Work instructions: Among the entries below, please repeat exactly and only the lines from the line containing "в утреннем небе2" to the line containing "PANTONE 661 C - Colorxs Quatern Palette", both lines included.

Entries supplied:

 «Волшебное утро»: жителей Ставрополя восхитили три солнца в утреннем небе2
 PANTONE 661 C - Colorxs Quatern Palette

==

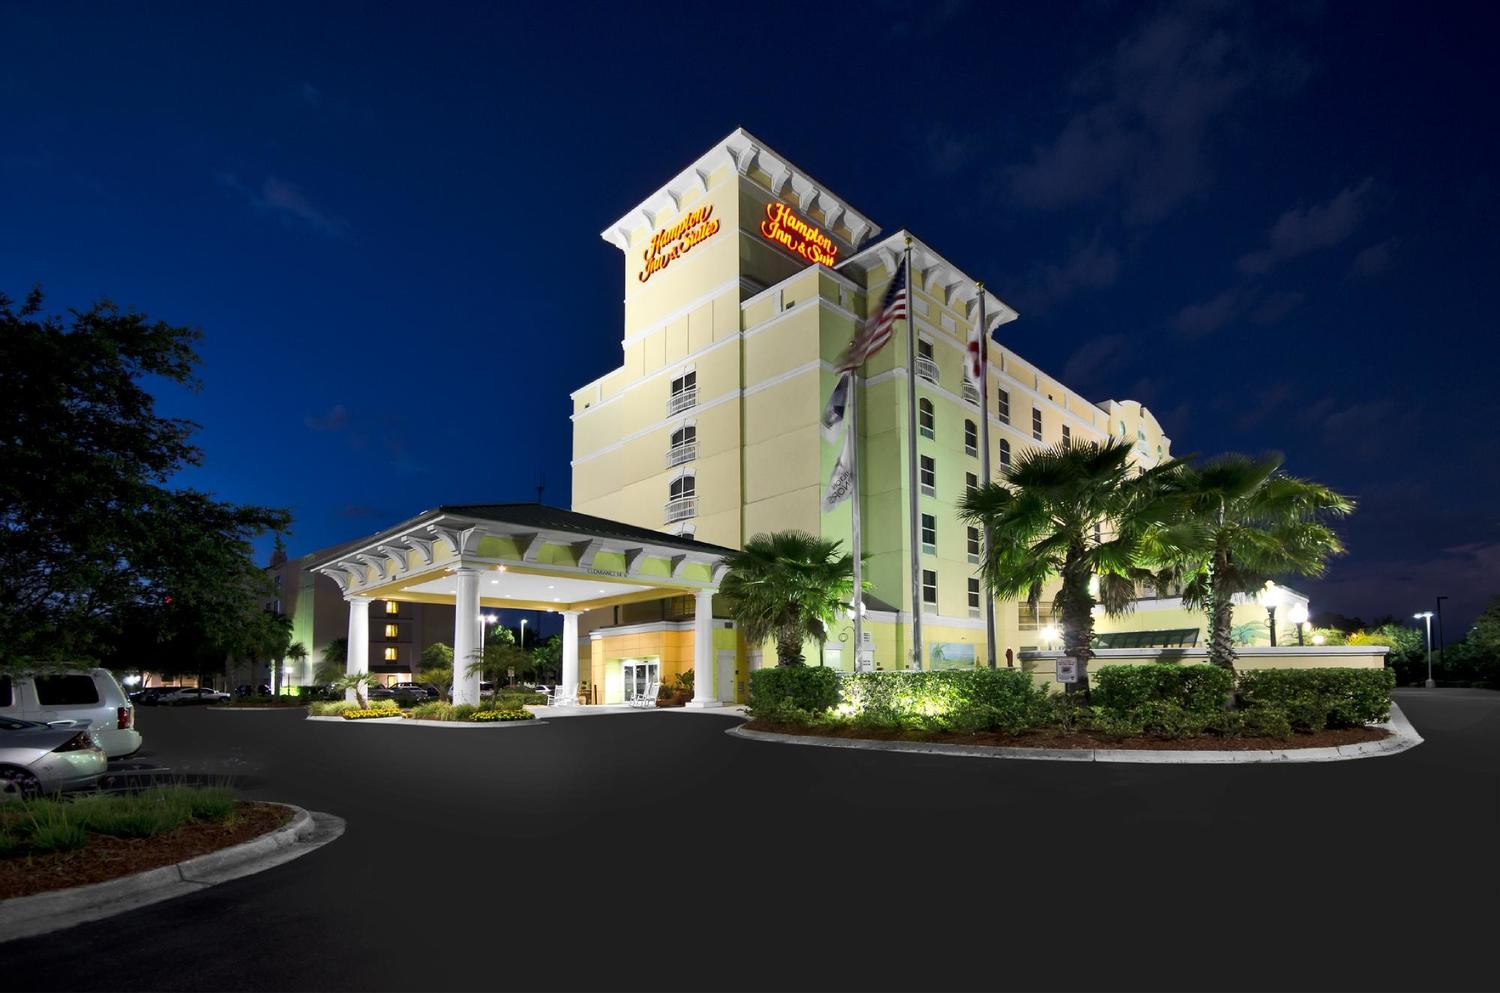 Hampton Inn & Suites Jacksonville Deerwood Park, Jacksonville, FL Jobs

==

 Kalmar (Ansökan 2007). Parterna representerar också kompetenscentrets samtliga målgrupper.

Answer for the task:
 «Волшебное утро»: жителей Ставрополя восхитили три солнца в утреннем небе2
 PANTONE 661 C - Colorxs Quatern Palette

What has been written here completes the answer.